What is being asked
Only an exact copy of the lines from the one containing "DC Comics Wallpapers" through the last line of the material below belongs in the answer, with no pictures.

Supplied data

►

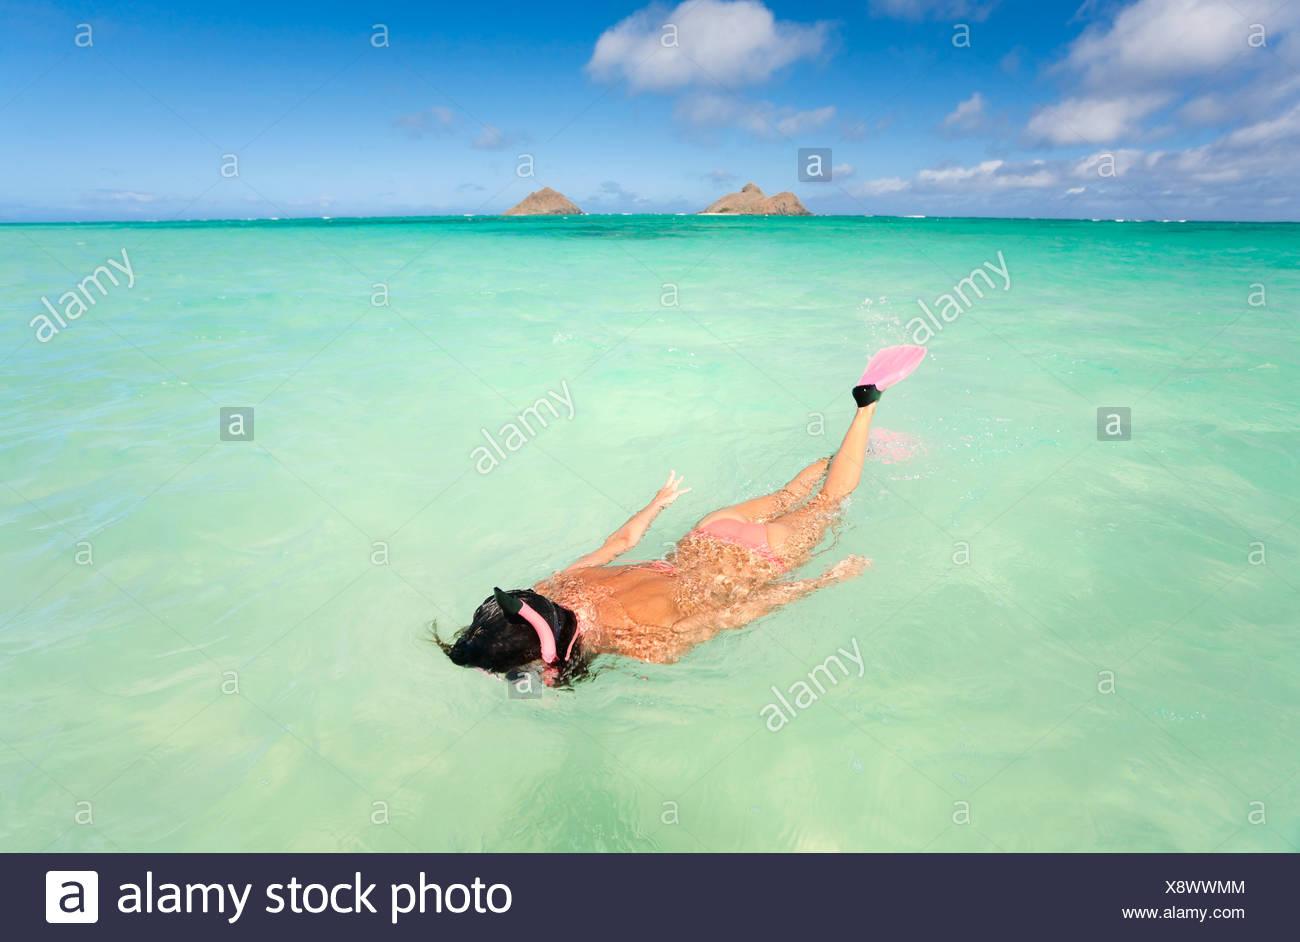 Hawaii Oahu Lanikai Beach Woman Snorkeling In Turquoise
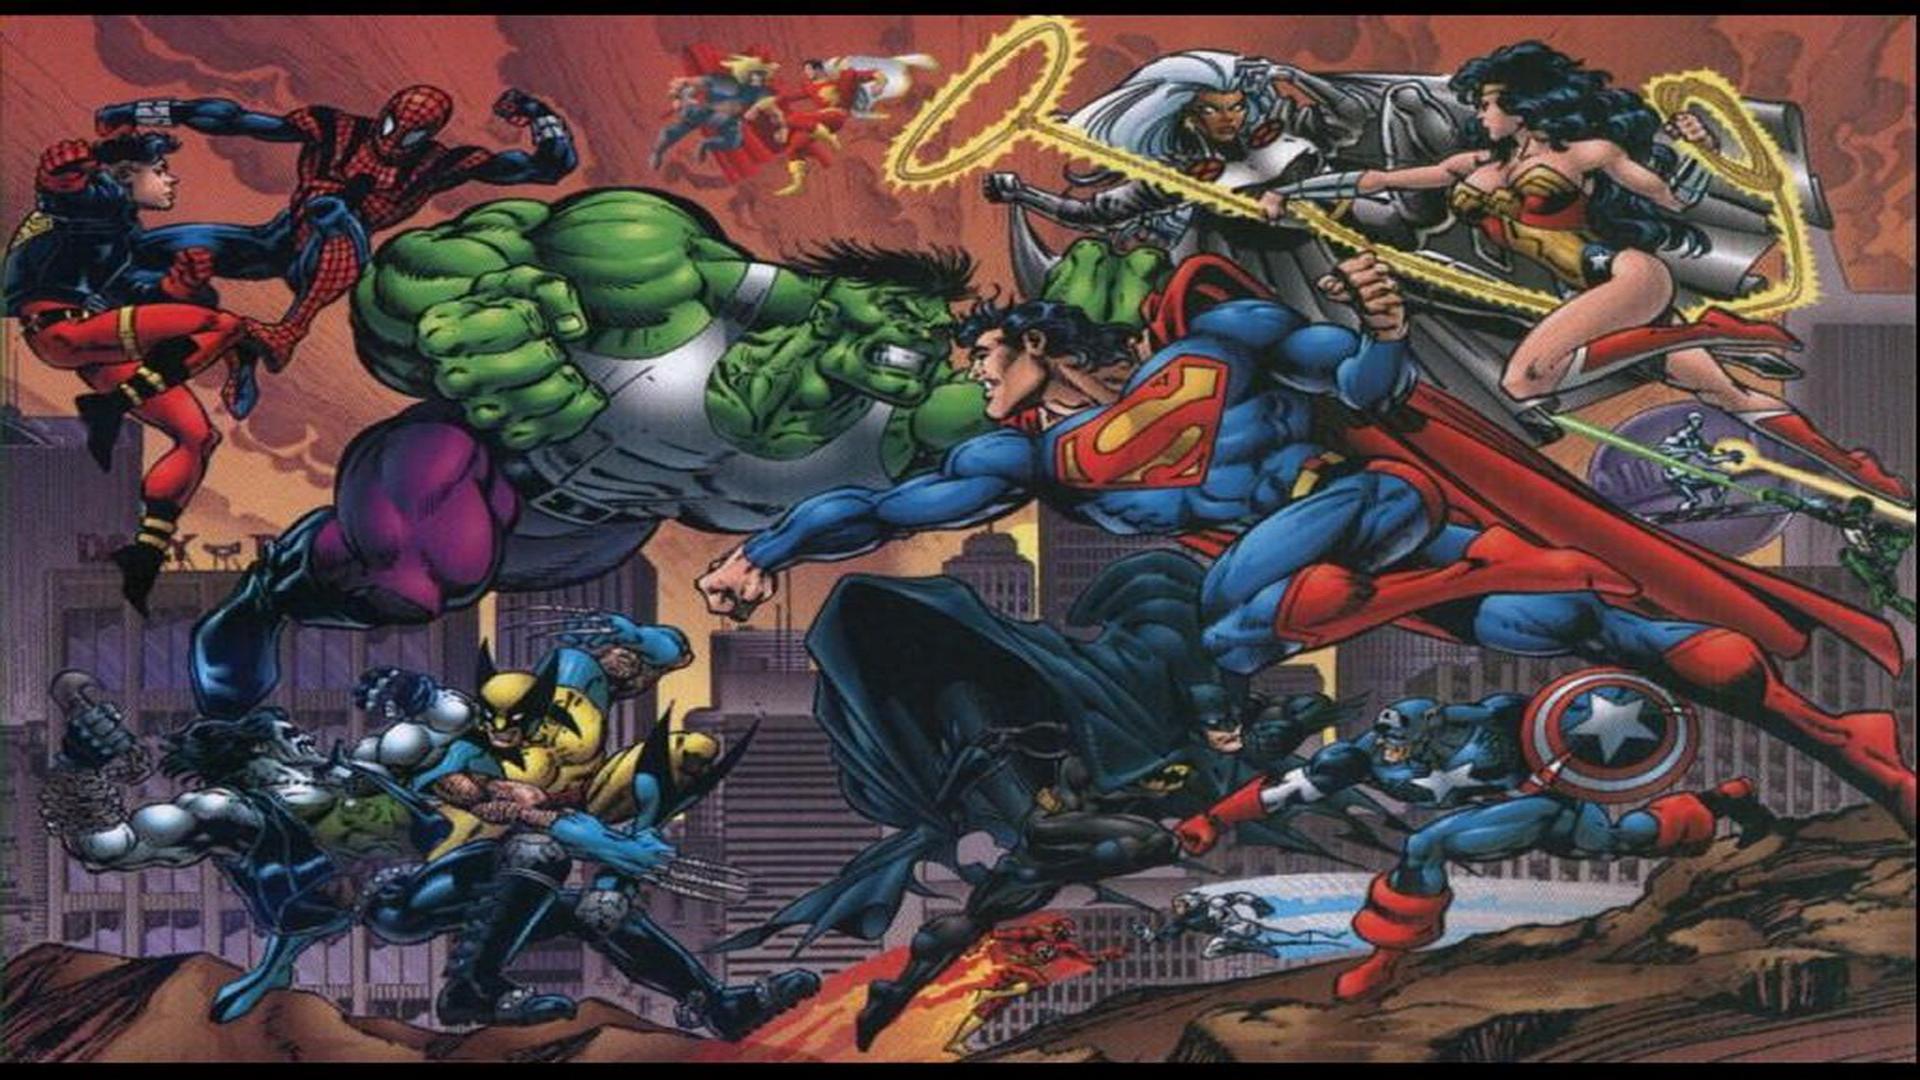 DC Comics Wallpapers DC vs Marvel dc comics 251200 1024 768 Pictures 1920x1080
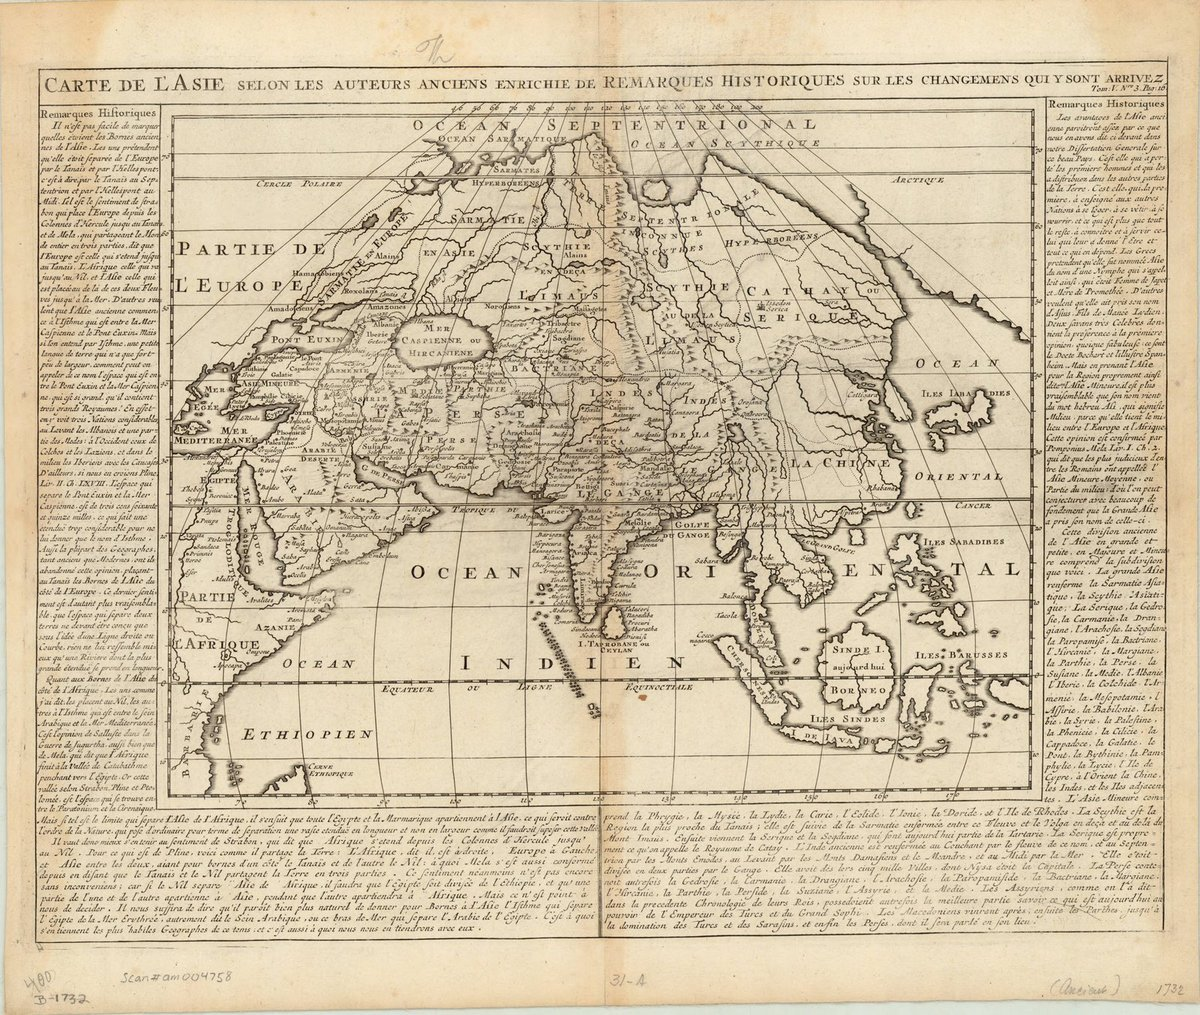 Amazoncom Historic Map Asia 1732 Carte De Lasie Selon
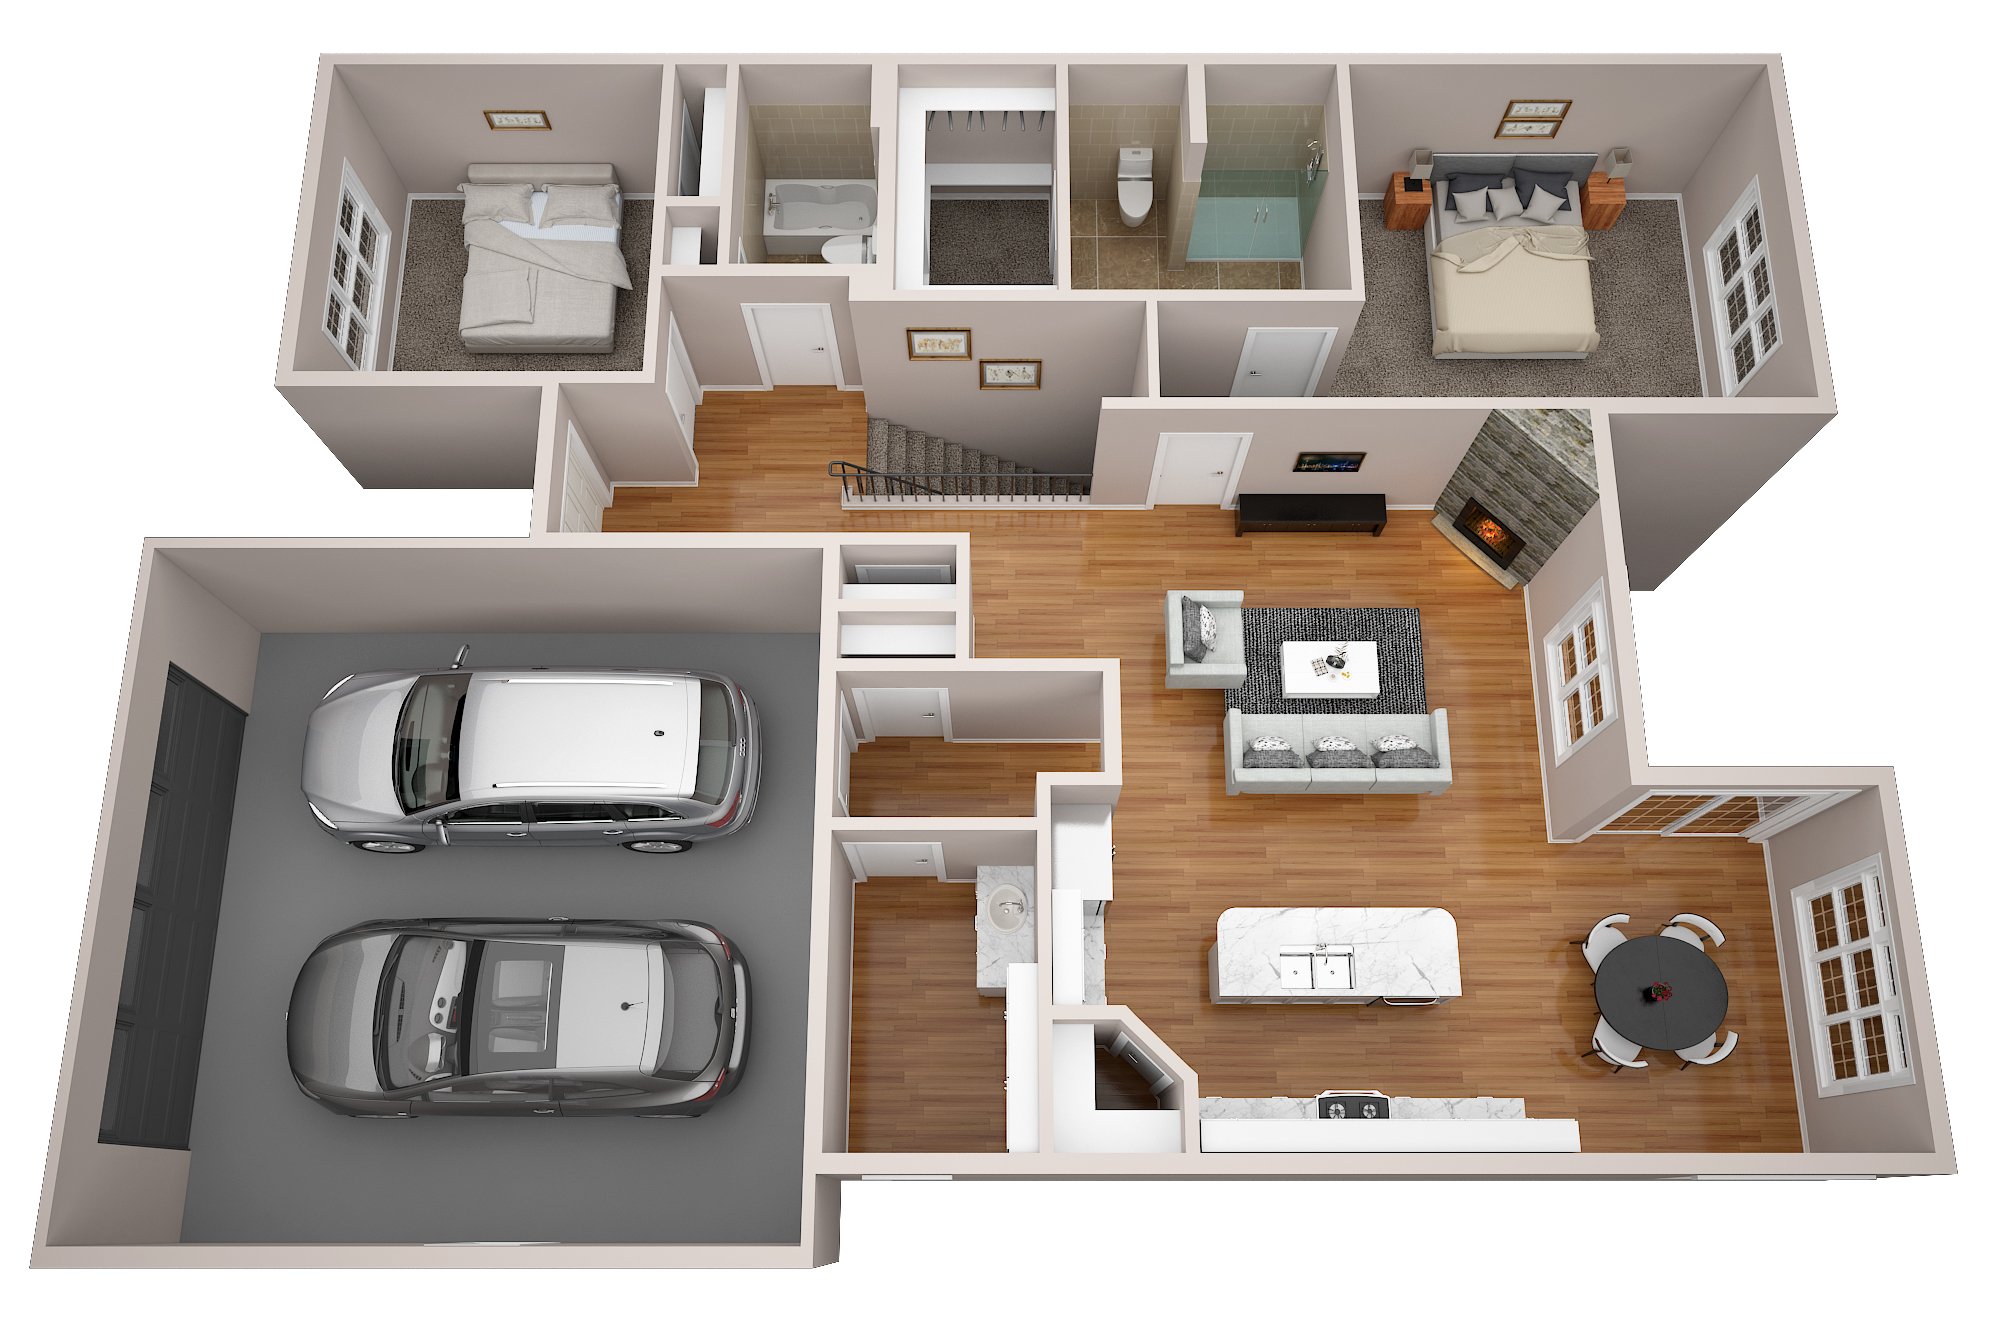 Berg_VR_B_Floor Plan.jpg

◄

Solution
 DC Comics Wallpapers DC vs Marvel dc comics 251200 1024 768 Pictures 1920x1080
 Amazoncom Historic Map Asia 1732 Carte De Lasie Selon
 Berg_VR_B_Floor Plan.jpg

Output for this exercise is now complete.